The purpose of 'Hegel's Hotel' -- the integrated network of blogsites that comprises this philosophical forum and treatise -- is to provide a multi-integrative, dialectic-democratic, humanistic-existential approach to the study and practise of philosophy -- and all of its cultural and environmental extensions: psychology, politics, business and economics, law and order, equal rights, history, science, holistic health and medicine, hobbies, art, sports... and all other aspects of human culture -- that blends many of the best ideas from the past, and from a wide assortment of different schools of thought, with an equally wide assortment of innovative, new ideas from the present -- combined in such a fashion as to make them highly applicable in both the smaller, therapeutic setting, and in the larger, more general setting of life.
It is this integration of old and new ideas that makes Hegel's Hotel: DGB Philosophy (Dialectic-Democratics For The Mind, Body, and Soul) , a new experience, a new 'gestalt' to use the German expression -- and unique in the marketplace.

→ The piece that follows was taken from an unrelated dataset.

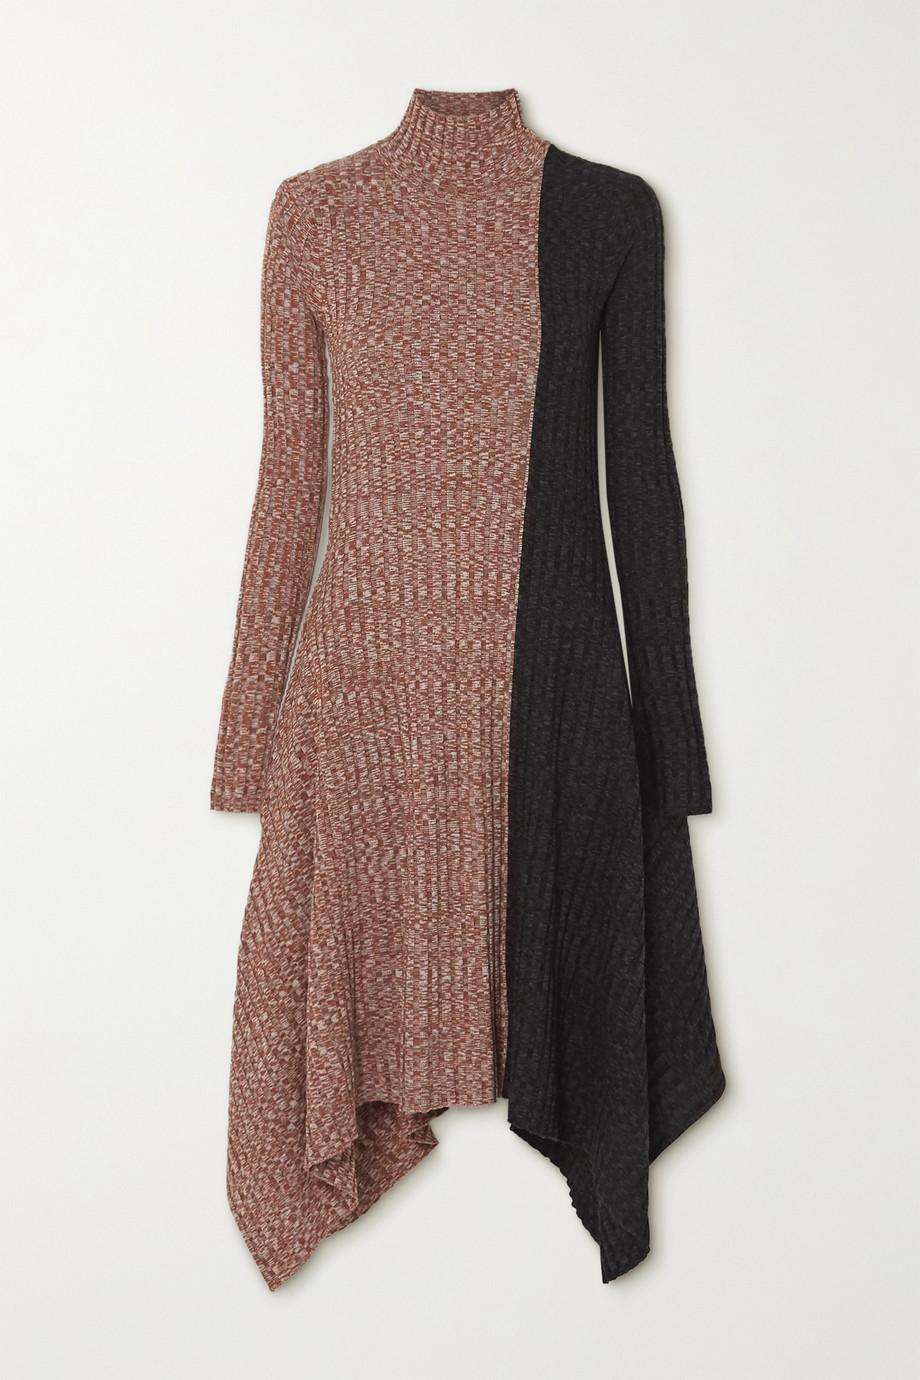 JW Anderson Asymmetric two-tone mélange merino wool turtleneck dress

Hegel's Hotel is dedicated to all of my most important mentors -- both the mentors who I have found through the books that I have read, and the mentors who are always there for me in the 'ups and downs' of my personal life -- all of whom I view as my 'idols' and my 'shining beacons of light and warmth', especially on those coldest and/or darkest days of doom and/or gloom...including:
1. G.W.F. Hegel (1770-1831), the most important philosopher in Western History, in my view -- to him I thank for helping me create the 'paradigm' or 'architecture' for Hegel's Hotel; and to his classic book, 'The Phenomenology of Spirit' (1807), of which this philosophical work is written to be a 21st century continuation, modification, and expansion of...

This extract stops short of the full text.